FOGPingHosts Different Subnets (Location Plugin)
-
An update:
I brought down and up my entire FOG cluster and now the Storage Node’s FOGPingHosts service is running successfully. However, a different set of hosts show as green.
I restarted a few times and varied the order on which servers start up first. This seems to play a role in which hosts decided to show as green.

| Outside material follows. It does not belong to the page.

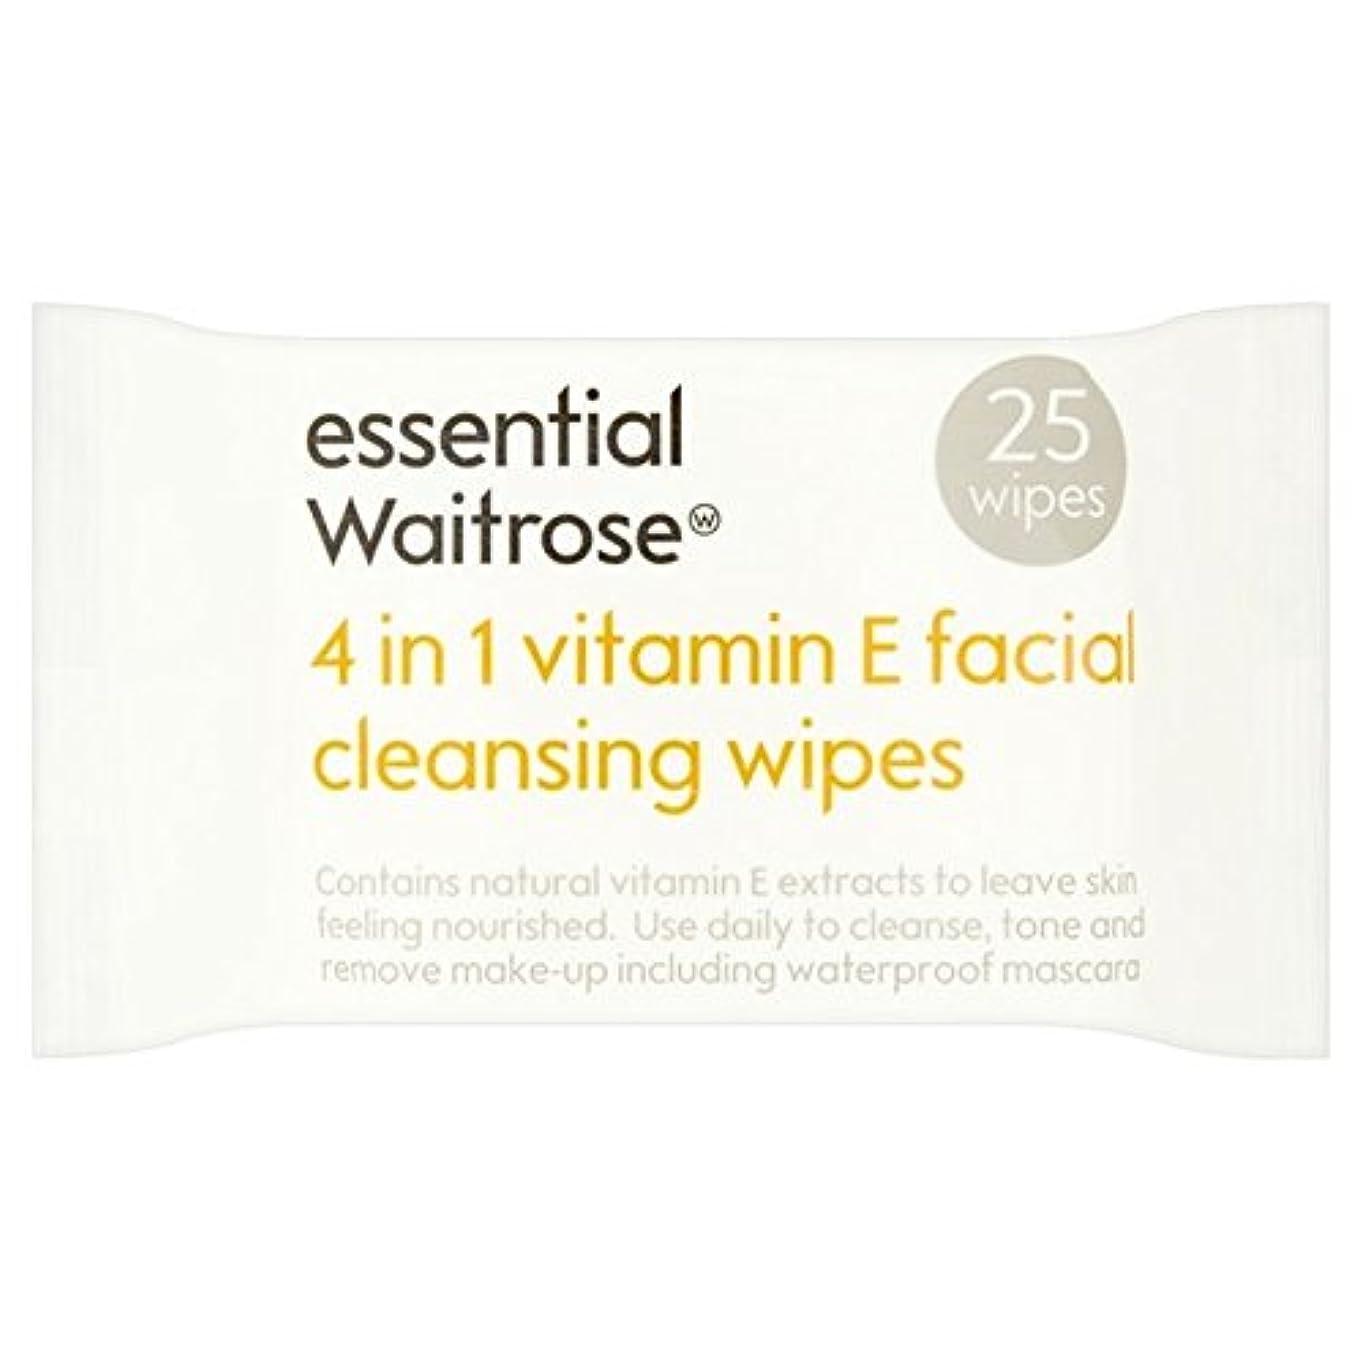 静かな不適当巡礼者1つのクレンジングで4不可欠パックあたりのビタミンウェイトローズ25ワイプ x4 - Essential 4 in 1 Cleansing Wipes Vitamin E Waitrose 25 per pack (Pack of 4) [並行輸入品]
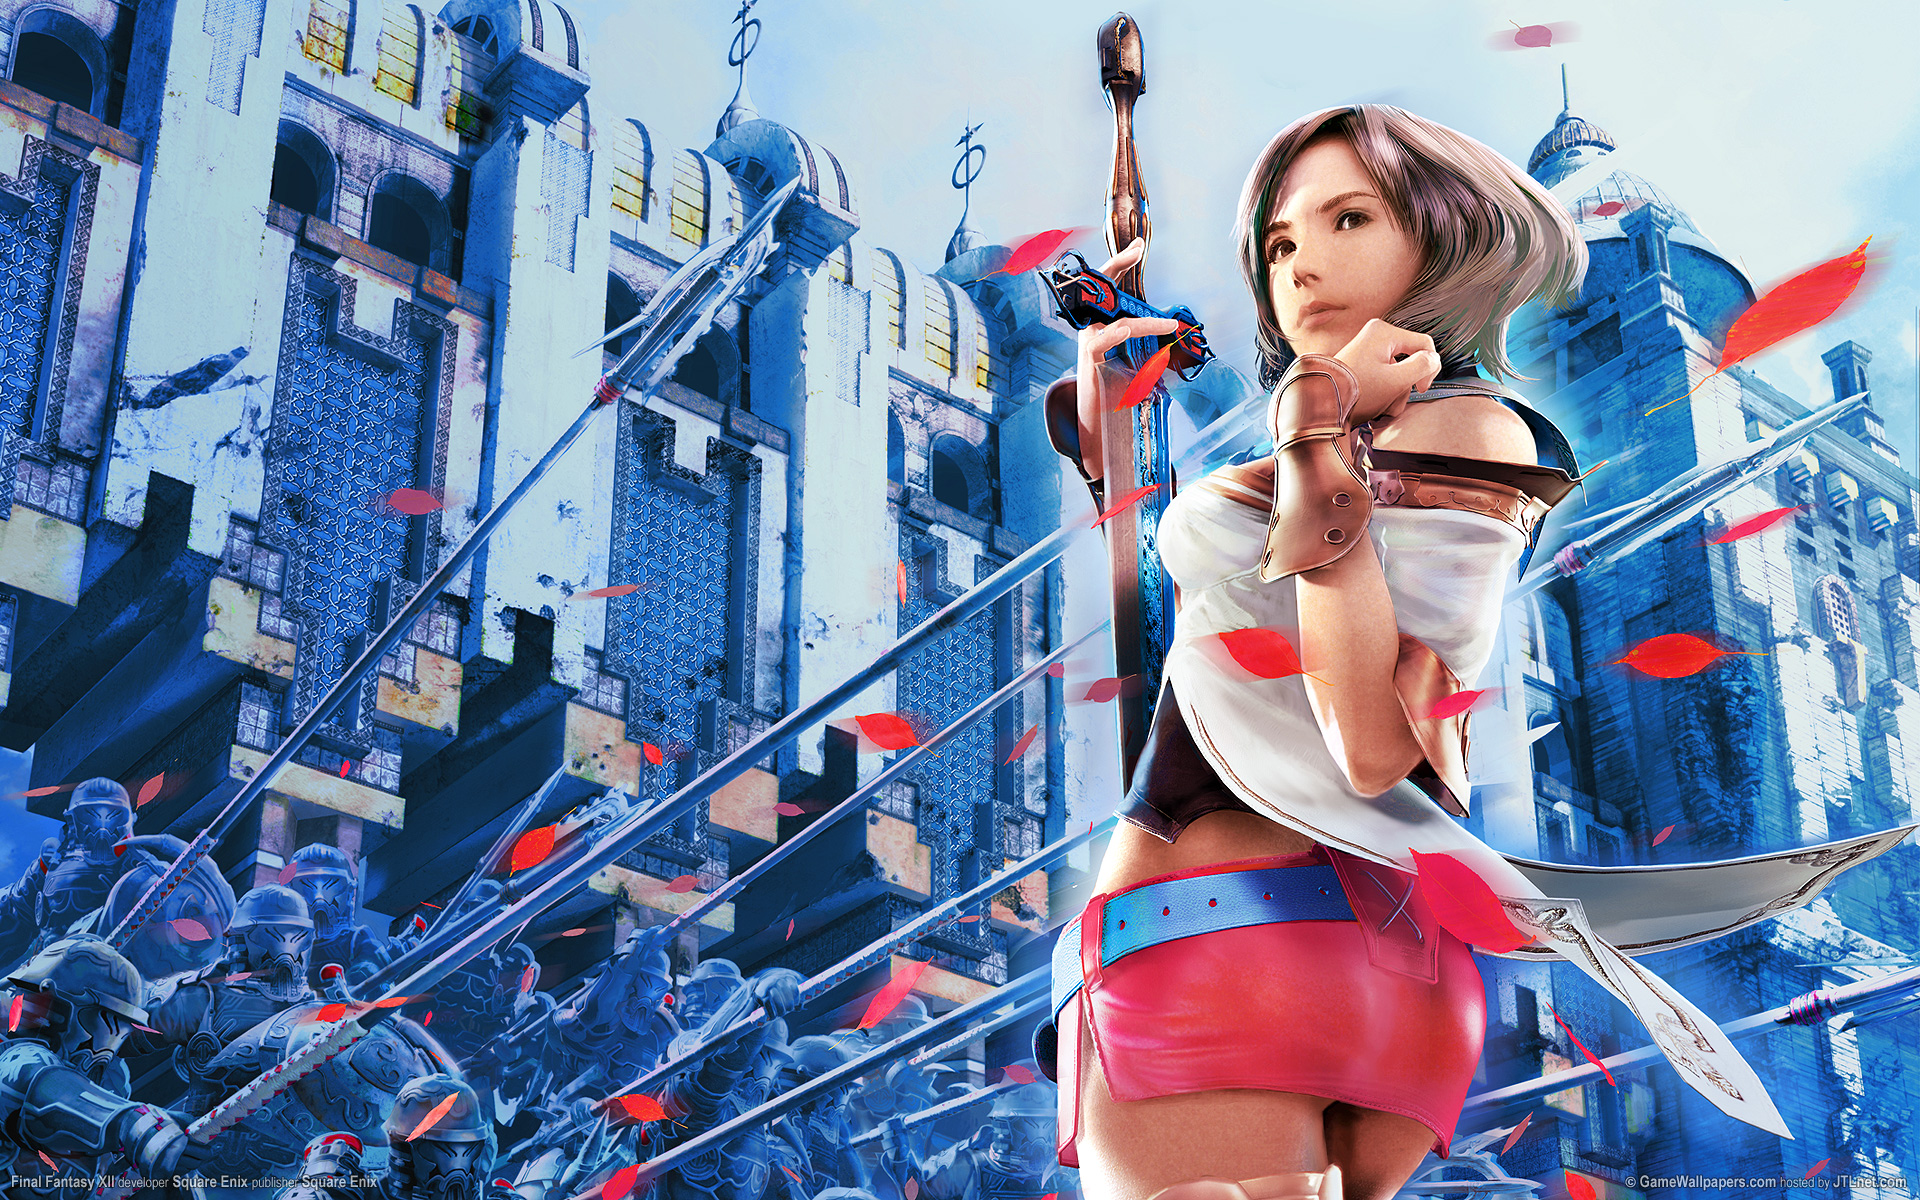 Final Fantasy Xii 01

It seems like the hosts on the subnet that is first powered on will report to FOG. The rest will not.
-
@markbam Interesting findings. Do you know that FOGPingHost is not a live thing? The service polls all machines in a loop cycle but then sets itself to sleep for a few minutes before it checks the hosts again. Maybe this would make things look a bit different?!
-
Yup, I understand that it’s just a snapshot in time as it’s a service polled at a specific interval. But I wonder now if the results of the services are conflicting?
How I’m imagining the pseudo logic:
10:30am FOGPingHosts(FOGSERVER) Active
10:30am FOGSERVER(10.0.0.1) pings WinMachine001(10.0.0.5). FOG database changes host WinMachine001 to Green.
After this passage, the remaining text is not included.